Matar a Pablo era un objetivo muy específico, que por entonces ya tenía poca relación con la cocaína. «Se le han subido los humos», dijo uno de los involucrados, y había que detenerlo. Y si no se podía lograr por medio del lenguaje limitado de un despliegue ordenado, entonces había que hacer uso de los otros métodos. Si se hacía con discreción, ¿quién se enteraría salvo aquellos que tenían más que perder de conocerse la verdad?

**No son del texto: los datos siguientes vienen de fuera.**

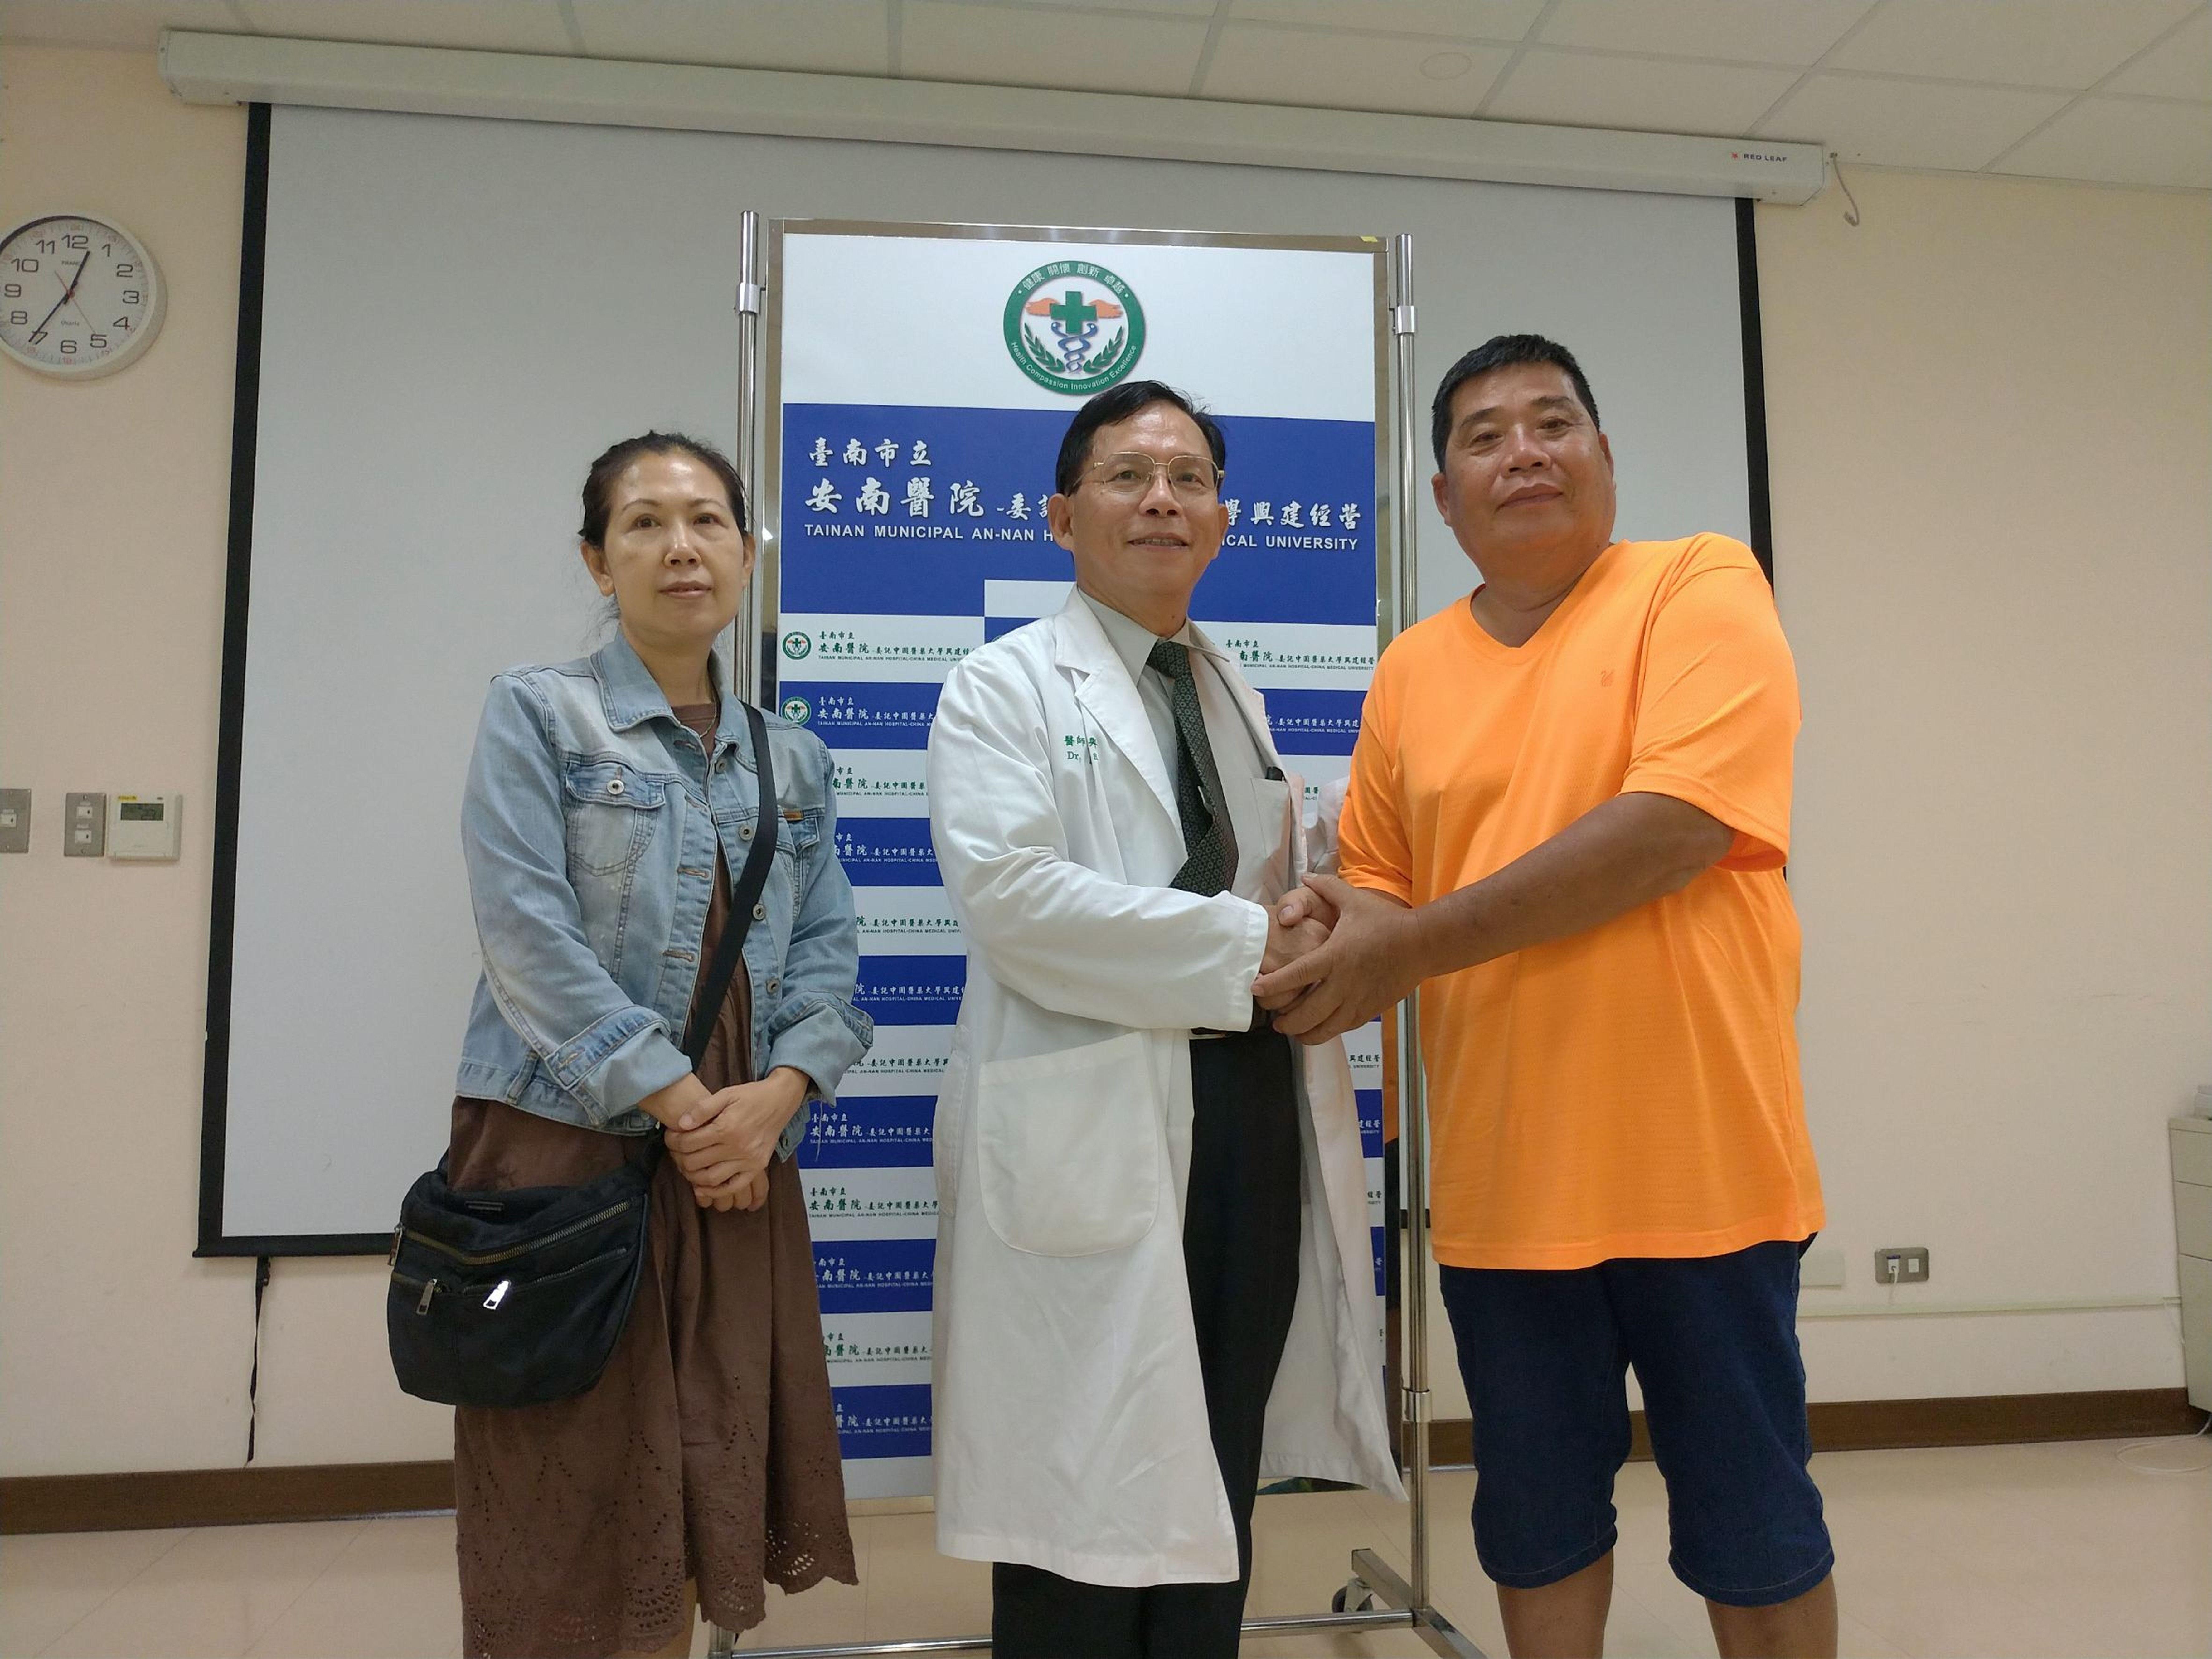 中國醫藥大學全球資訊網 校園新聞 China Medical University, Taiwan

Cuando Los Pepes surgieron, lo que no faltaban eran sospechosos. Pablo había mantenido guerras con otros traficantes y delincuentes durante toda su vida adulta. Sus largas campañas de intimidación y asesinato habían dejado a cientos, quizá miles, de familiares llenos de rencor, algunos muy ricos y muy poderosos. Y no había que descartar que la violencia fratricida era poco menos que una manera de entender la vida en Colombia. Allí el homicidio gozaba de abundancia de motivos, pues cada cadáver podía ser la consecuencia de una docena de resentimientos y otros tantos autores. Si una bomba hacía explosión o un primo muy querido era raptado o uno de los socios clave de Pablo aparecía muerto, uno se preguntaba si se trataba de una disputa familiar, un asesinato aleatorio o un ajuste de cuentas perpetrado por un cártel rival. ¿Había sido ordenado por el mismo Pablo después de haber reñido con la víctima (como sucediera con los hermanos Moneada y los Galeano)? ¿O sería alguna facción del cártel de Medellín aprovechándose de la vulnerabilidad de Pablo? ¿Se trataba de un escuadrón rebelde del Ejército o de la policía? ¿O de una operación de uno de los grupos paramilitares que se especializaban en aterrorizar y asesinar? ¿La DEA? ¿La CÍA? ¿La Fuerza Delta? ¿O quizá una guerrilla? Acaso las FARC o el ELN, exigiendo un impuesto por ingresos en negro o vengando algún desprecio, o quizá sólo aprovechándose de la situación para contribuir a la continua inestabilidad de la nación. ¿Quién podía saberlo?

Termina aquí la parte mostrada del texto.